Atlassian, Jira yazılımında, kimliği doğrulanmamış bir saldırgan tarafından kimlik doğrulama korumalarını atlatmak için kötüye kullanılabilecek kritik bir güvenlik açığına ilişkin bir güvenlik uyarısı uyarısı yayınladı.
olarak izlendi CVE-2022-0540, kusur CVSS puanlama sisteminde 10 üzerinden 9,9 olarak derecelendirilmiştir ve Jira’nın kimlik doğrulama çerçevesi Jira Seraph’ta bulunur.
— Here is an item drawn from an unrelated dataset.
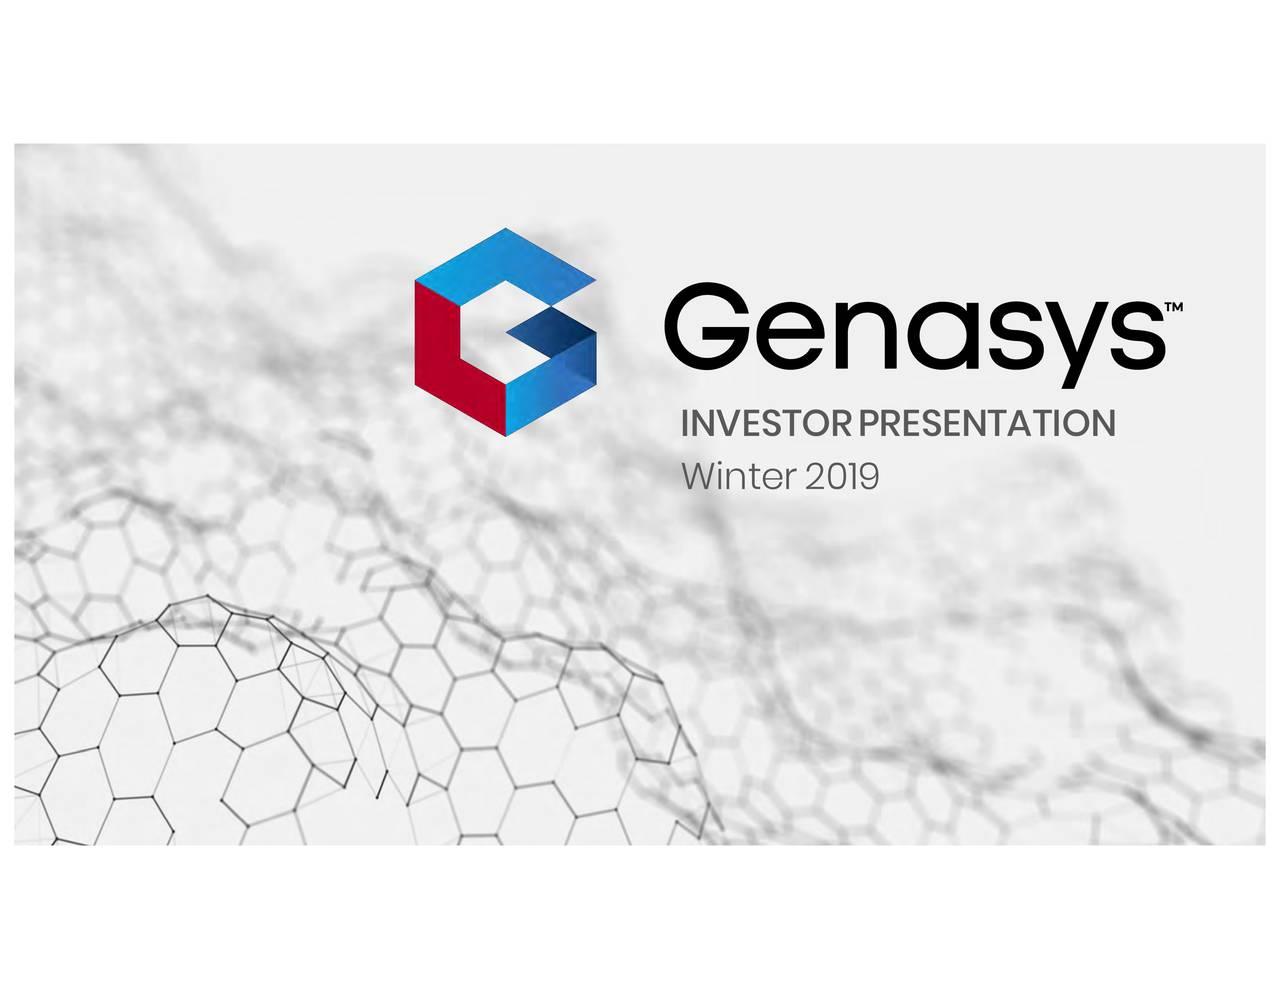 Genasys (GNSS) Presents At LD Micro Main Event - Slideshow - LRAD Corporation (NASDAQ:GNSS) | Seeking Alpha

Viettel Cyber Security’den Khoadha, güvenlik zayıflığını keşfetme ve bildirme konusunda itibar kazanmıştır.
Atlassian, “Uzak, kimliği doğrulanmamış bir saldırgan, etkilenen bir yapılandırmayı kullanarak WebWork eylemlerinde kimlik doğrulama ve yetkilendirme gereksinimlerini atlamak için özel olarak hazırlanmış bir HTTP isteği göndererek bundan yararlanabilir.” not alınmış.
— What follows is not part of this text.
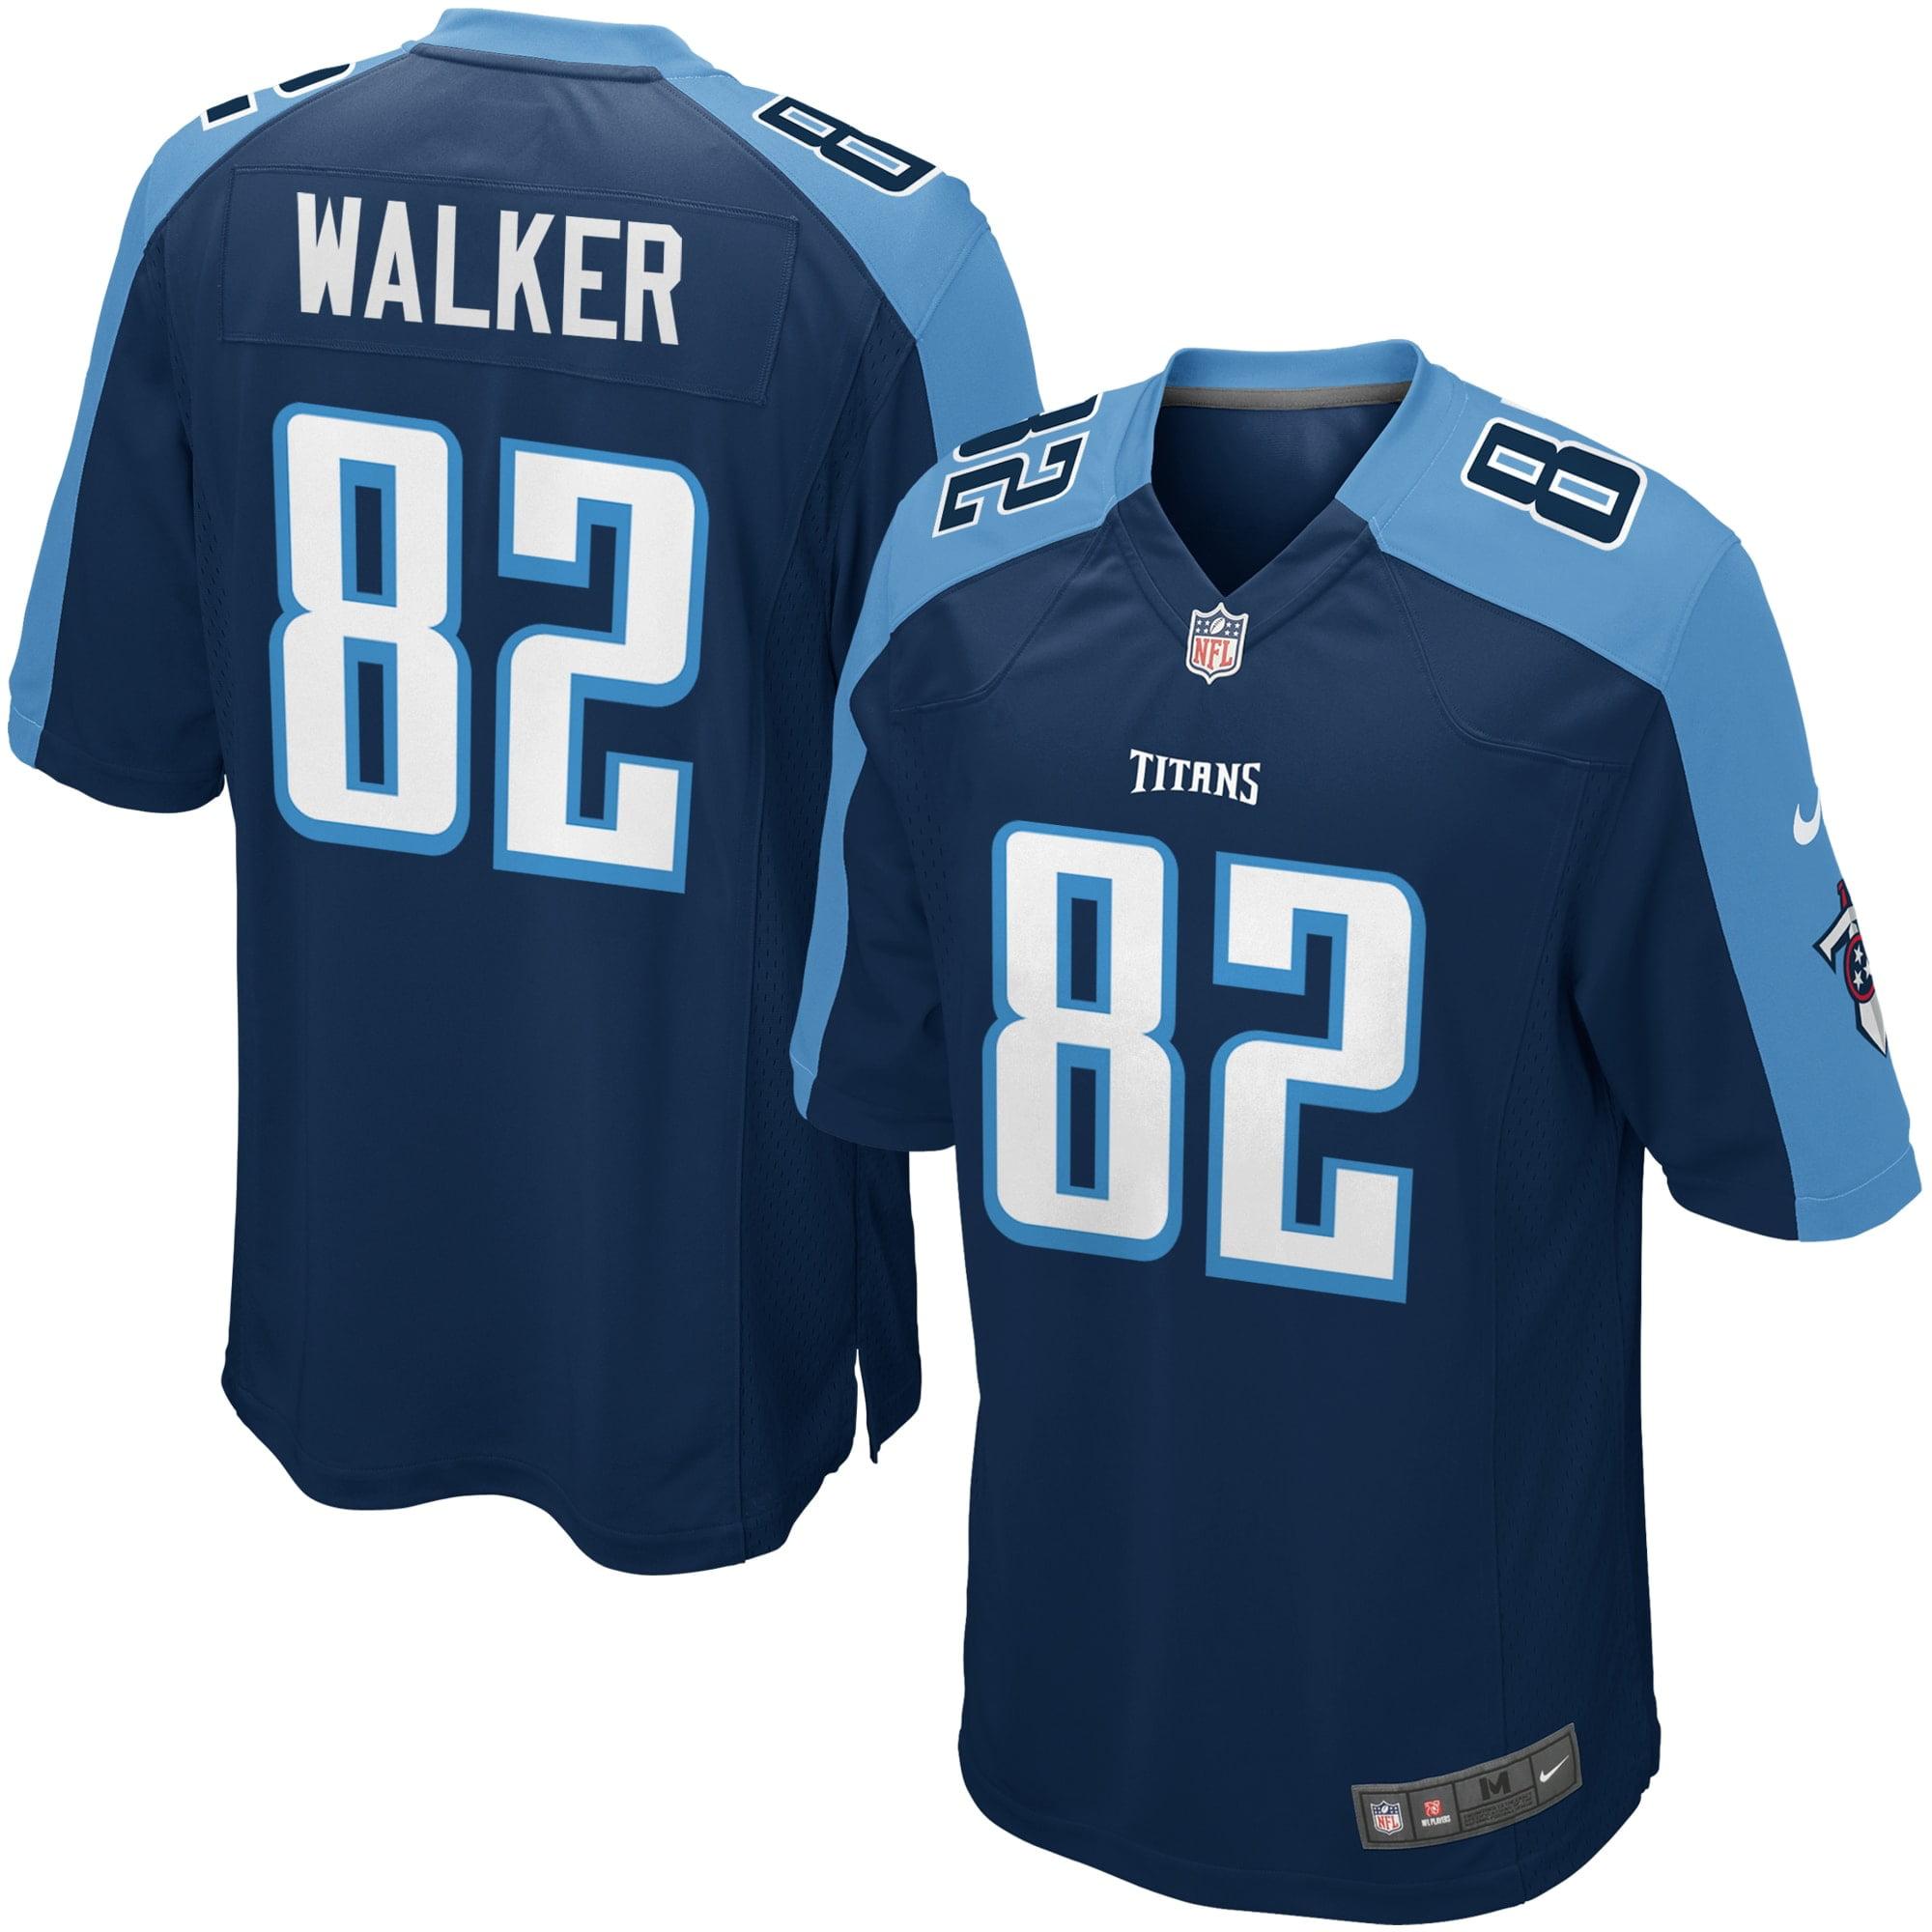 Delanie Walker Tennessee Titans Nike Youth Alternate Game Jersey - Navy Blue - Walmart.com

Kusur aşağıdaki Jira ürünlerini etkiler –
- Jira Core Server, Jira Software Server ve Jira Software Data Center: 8.13.18, 8.14.x, 8.15.x, 8.16.x, 8.17.x, 8.18.x, 8.19.x, 8.20.x’ten önceki tüm sürümler 8.20’den önce. 6 ve 8.21.x
- Jira Service Management Server ve Jira Service Management Data Center: 4.13.18, 4.14.x, 4.15.x, 4.16.x, 4.17.x, 4.18.x, 4.19.x, 4.20.x 4.20.6’dan önceki tüm sürümler, ve 4.21.x
Sabit Jira ve Jira Hizmet Yönetimi sürümleri 8.13.18, 8.20.6 ve 8.22.0 ve 4.13.18, 4.20.6 ve 4.22.0’dır.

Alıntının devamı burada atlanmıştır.